In [20] the author focused on a classification technique based on supervised machine learning which focuses to detect malicious content spreading in OSN. For this purpose, multi-source features are used to identify the post which contains malicious Uniform Resource Locators (URLs) which further launch attacks e.g. phishing attack, spam, and scams. To address this issue, the author used the random forest (RF) classification technique without a feature selection method and any tuning. The recall value of the developed model is 89%. Further with the use of feature selection methods and tuning, the recall value increased to 92%. The malicious attackers are not only interested in information of a specific profile but also hacked OSN website. The author took up this issue in [21] and introduced new term antisocial networks. The Antisocial Networks are a distributed system of websites to exploit for various attacks. An adversary hacked visitor’s session control, remote manipulation their browsers via a legitimate web-control function e.g. loading image, HTML tags, J-Script, and Java applets.

In [22] the author surveyed the approach and potential challenges to fight against spam on OSN. In this survey paper, three main anti-spam strategies i.e. demotion, detection and prevention. Detection based strategy focused on spam detection and eliminates its impact. Demotion based strategy tries to reduce the rank of spam while the prevention-based strategy attempts to minimize content contributing to spam by limiting user actions or interface change.

In [23] studies the concept of measurable trust management policies and protocols that minimize the chances of the discloser. Two users require a minimum total threshold point before granting access to a resource.
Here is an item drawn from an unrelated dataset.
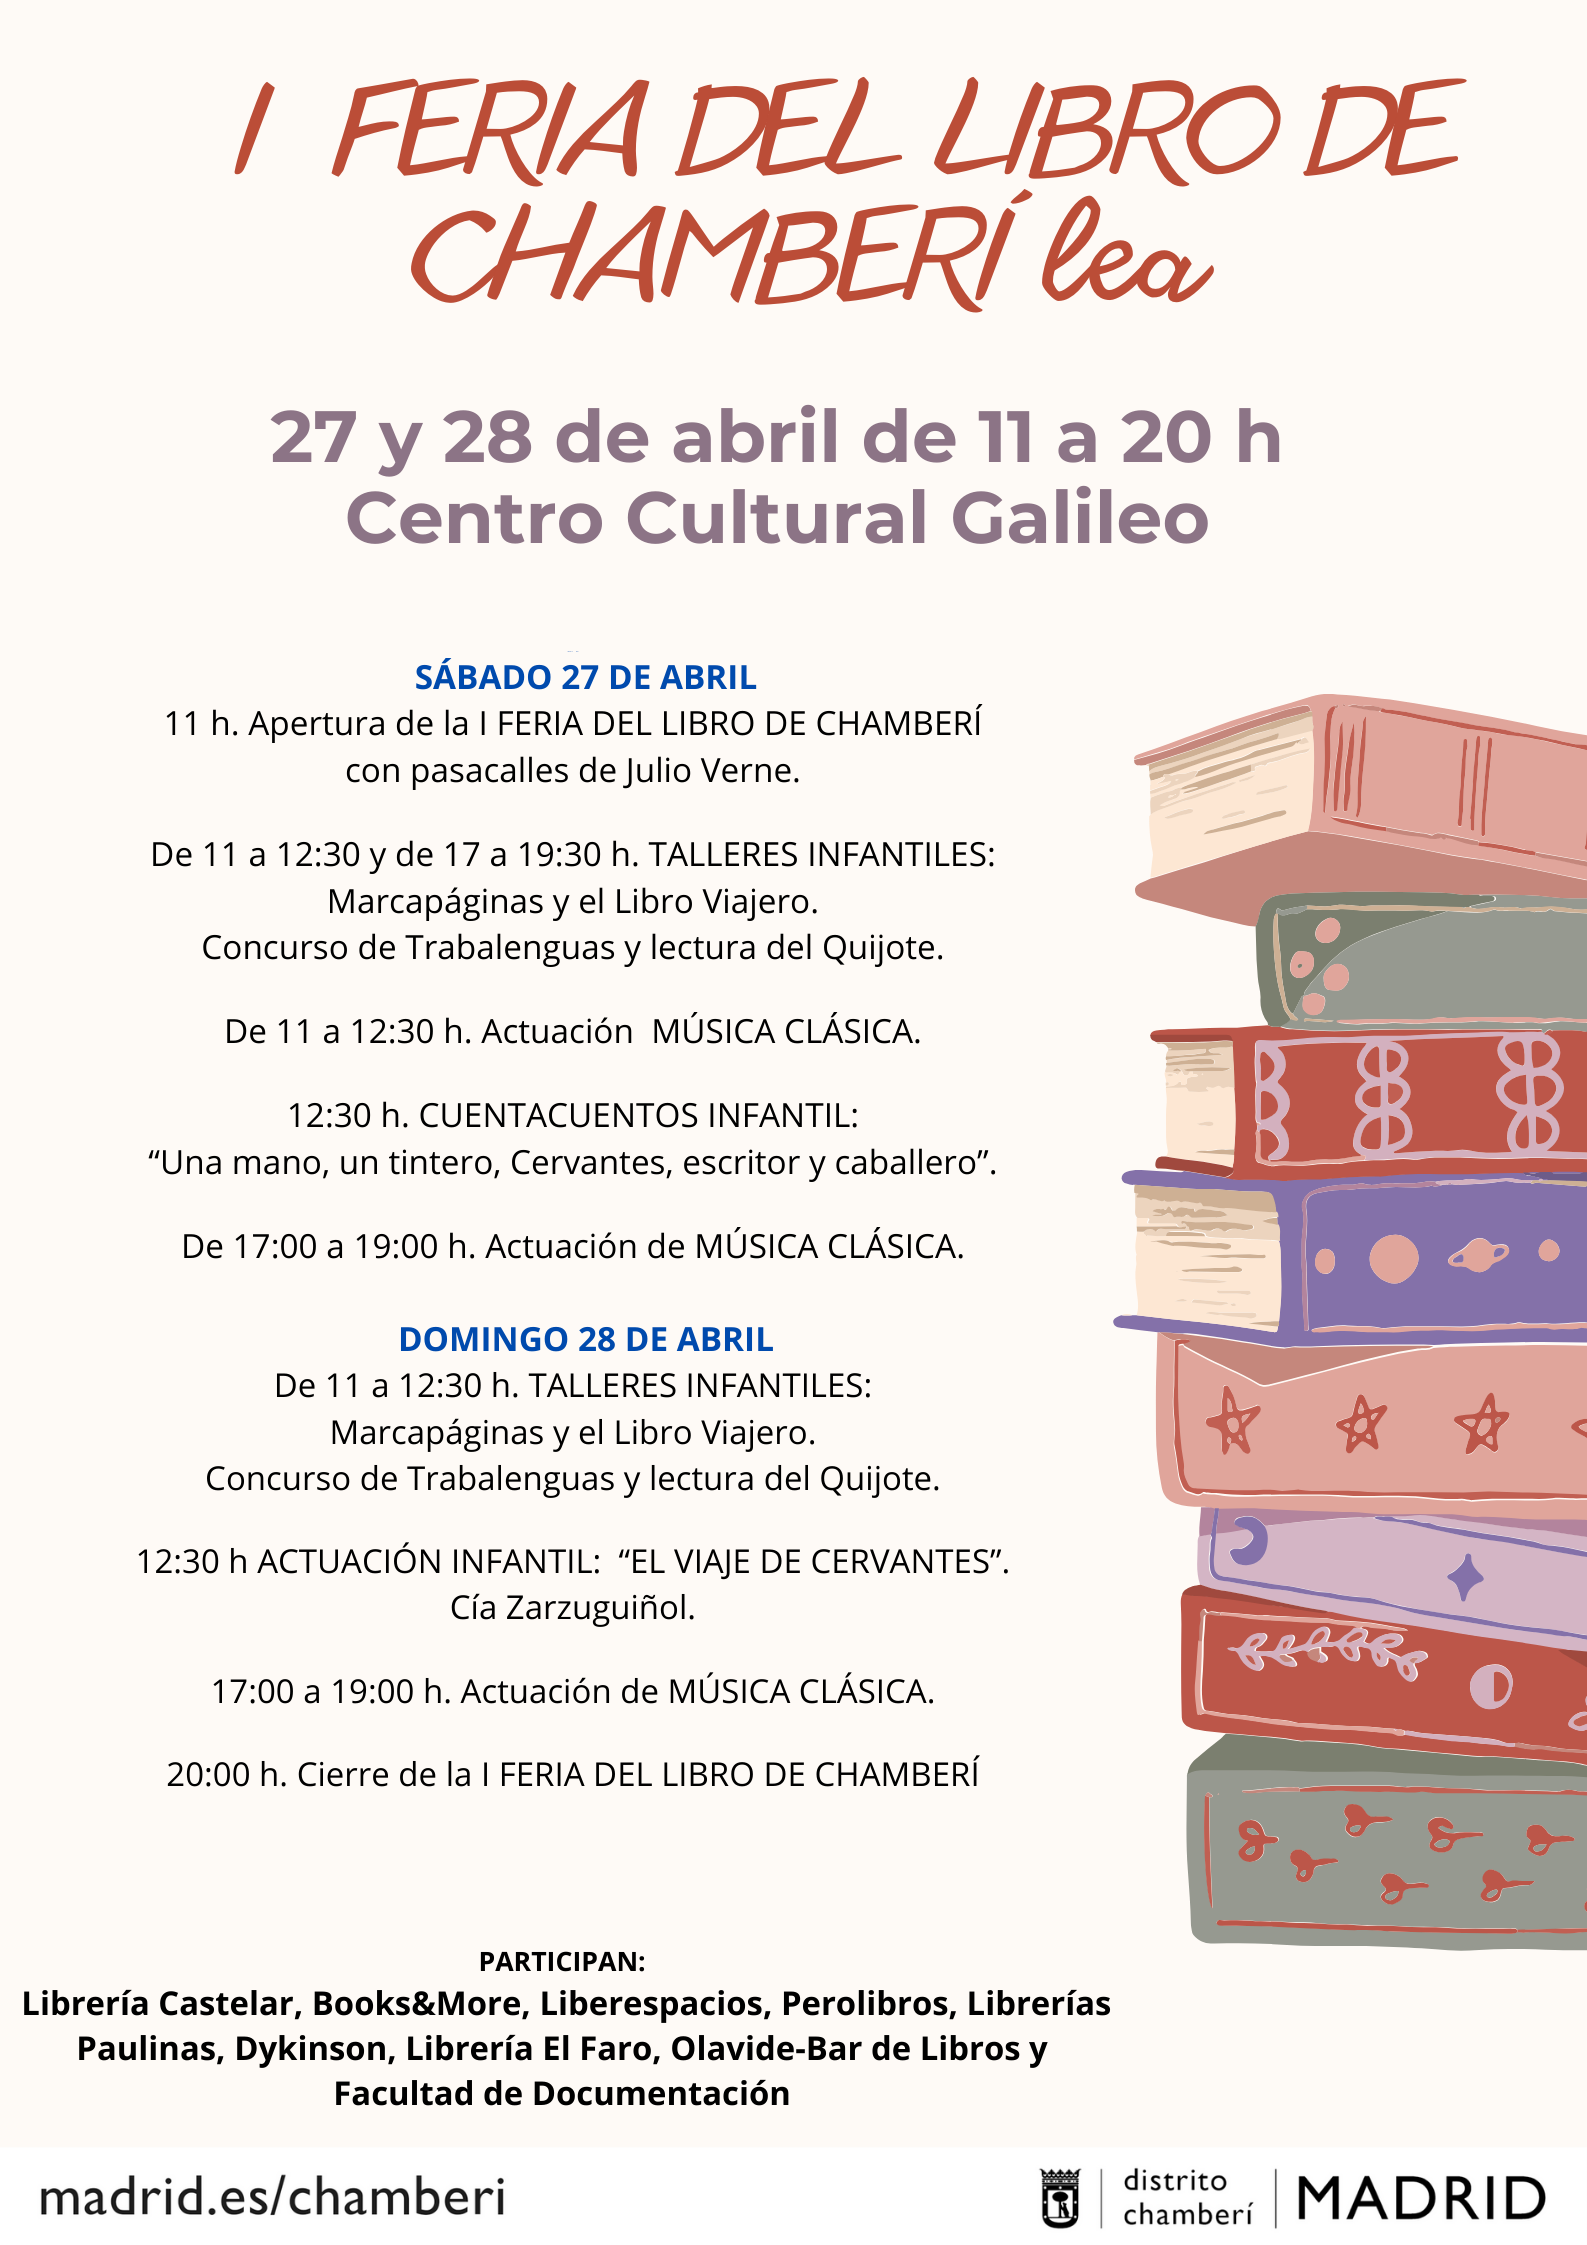 Librería-Editorial Dykinson participará en la I Feria del libro de Chamberí los próximos 27 y 28 de abril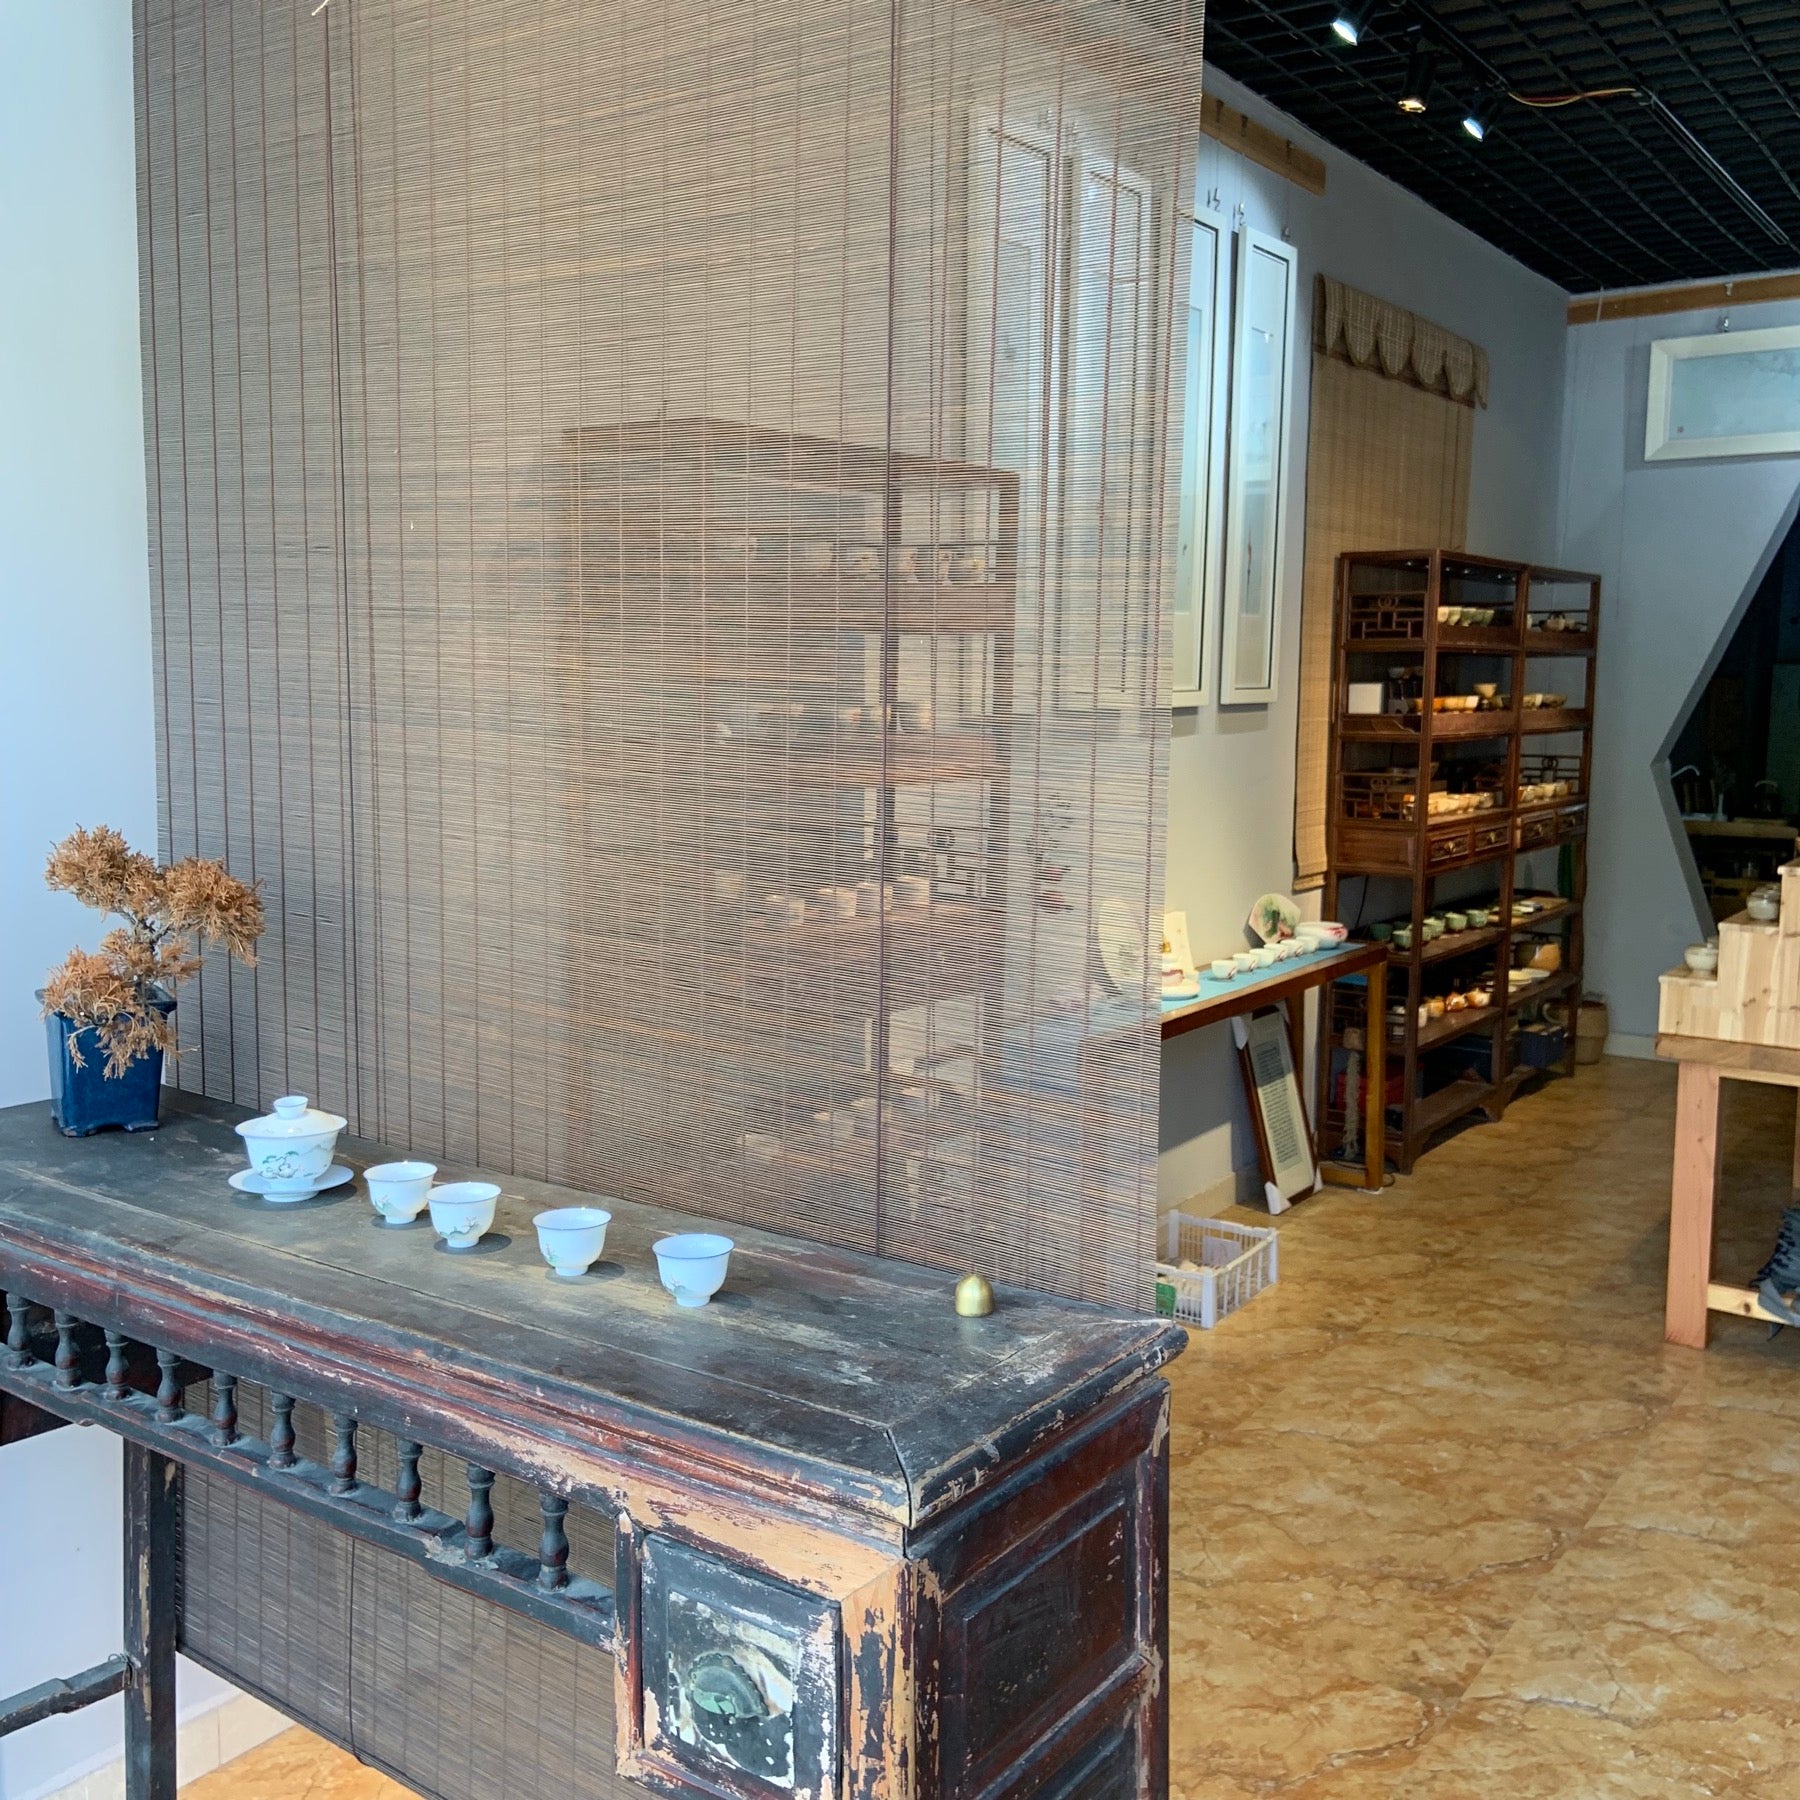 Teaware shop in Jingdezhen

The first user values certain credentials with point and grant access to another user only when the threshold value of points has been achieved while the second user values each credential with a privacy score which measure the degree of unwillingness to disclose that credential. The first user’s valuation score of credentials and his threshold as well as the second user’s privacy-valuation of credentials both are private. The user who wants to access resources tries to find out a subset of credentials that attain the threshold value required by another user. This paper demonstrated the protocol used for computation e.g. a subset of user’s identifications without tightfitting any of the two users with private information. Besides this, a fingerprint method is used to permits the user an independent and easily recovery of the optimal solution for the knapsack problem. The fingerprint process is valuable afar the specific authorization deliberates and may be used in the private setting by using knapsack and dynamic-programming. In [24] author surveyed the recent threats to social networks and the attack-prone areas. The social networks are categorized into two sections user and social networking sites. Along with the countermeasures against the threats and proposed a security framework of social networks. In [25], the author analysed the footprints by collecting the data from ten popular social networking site. The data of approximately 14,000 active users were considered to gather information. After analysis of gathered information, it was found that a user active on one social network on average revealed 4.3 personal information fields while the user active on more than 8 social networks, this value increased up to 8.25 fields. Further, it was found that the attacker was able to reconstruct more than 40% of an individual footprint even with a single field. In [26], the author elaborated on security and privacy issues of OSN with some essential design clashes between old design objectives e.g. sus-ability and sociability. The core functionalities of OSNs were analysed to highlight security and privacy design challenges and opportunities to utilize OSN theory to reduce these design conflicts.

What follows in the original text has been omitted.